TaxesSo, April 15 is right around the corner, and with it, the dreaded looming day to pay Uncle Sam. If you earned too much money last year and are looking for some ways to trim your tax bill now, as well as next year, look no further.

If you need a break now and have a few extra thousand dollars kicking around, now is a great time to invest that spare cash in a traditional IRA. Make a regular (NOT a rollover) contribution and see how it reduces your adjusted gross income. This will lower your tax bill across the board, though the maximum deduction is dependent upon your modified adjusted gross income total and also your filing status and cohabitation situation (where applicable).

These days, you can contribute $5,000, or $6,000 if  you’re age 50 or older. Additionally, if you’re married and filing jointly, both of you can contribute the maximum, even if only one of you is a wage-earner, so long as you earned at least $10,000. This minimum combined compensation limit rises depending upon whether one or both of you is age 50 or older, to $11,000 or $12,000, respectively.

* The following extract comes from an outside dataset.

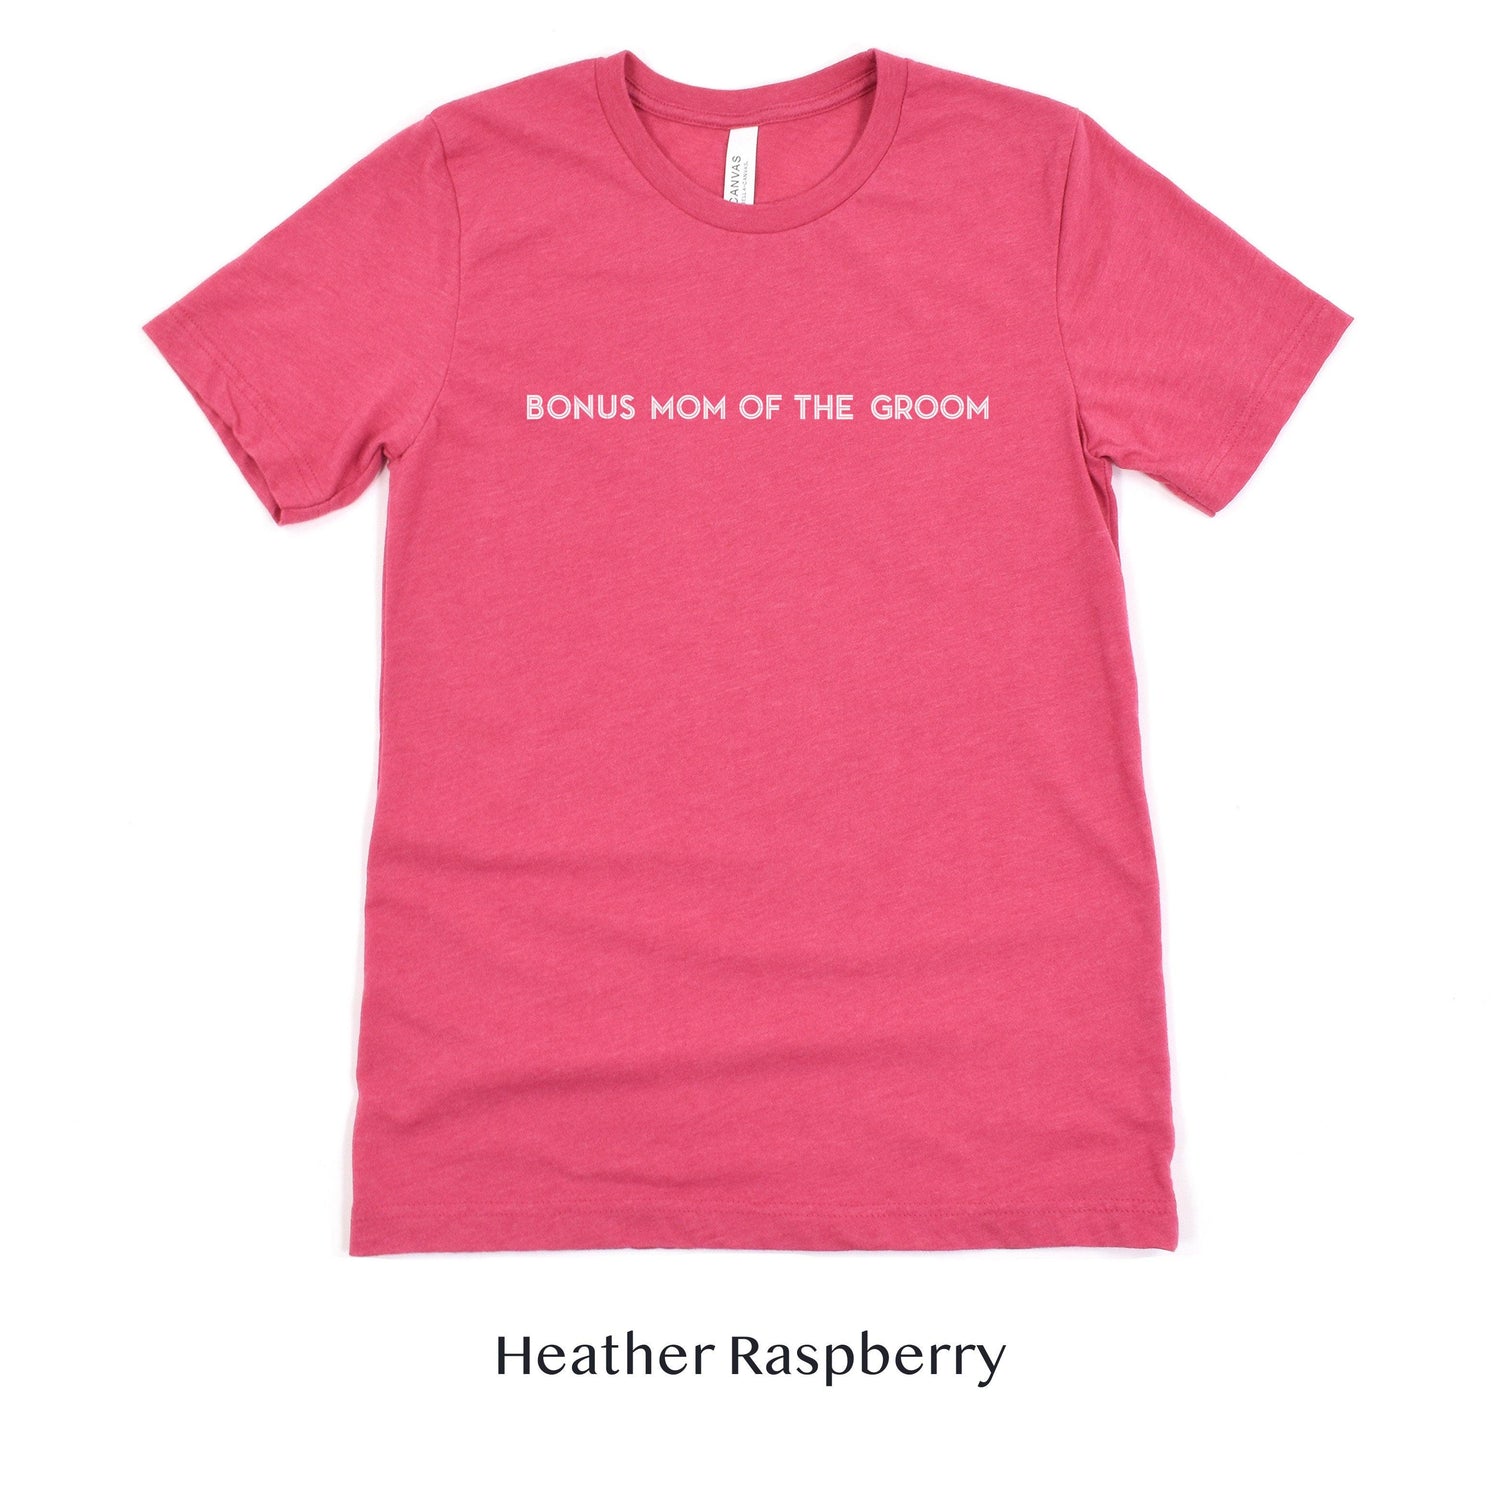 Bonus Mom of the Groom Shirt - Matching Wedding Party tshirts - Unisex t-shirt by Oaklynn Lane - Hot Pink Raspberry Tee

If you qualify as a low-to middle-income taxpayer, check out the credit for qualified retirement savings contribution. This lets you claim a credit on your tax return for a percentage of the qualified retirement-plan contributions you made, based upon your income and filing status. Talk to your accountant, or check out the information on your Turbo Tax software.

You have until April 15 to make these investments, so get on the stick if you want to take advantage of the break for the 2009 tax year.

Looking ahead to next year’s tax bill: now is a great time to start moonlighting as something that has you working at home. As a hobbyist, you can list yourself as an “independent artist” and claim the income you make by selling your wares on eBay, etsy, or the like. As such, you can write off all applicable materials, books, magazines, etc. on your 2010 taxes.

Best of all, though, is that if you set up a special work-nook in your home, you can write off that square footage, as well as a percentage of your electricity and other applicable utilities, furniture, and job-related expenses.  The benefit of this is that if you itemize your deductions, and your deductions are higher than the standard deduction, then you save money! My husband has been doing this for years and, as a result, his hobby pays for itself. Not a bad deal!

(One more idea: if you get busy right now and have a kid before January 1, 2011, you’ll get an extra $1,000 tax credit. This is the only time that having a child will save you money, though, so don’t rush into it lightly.)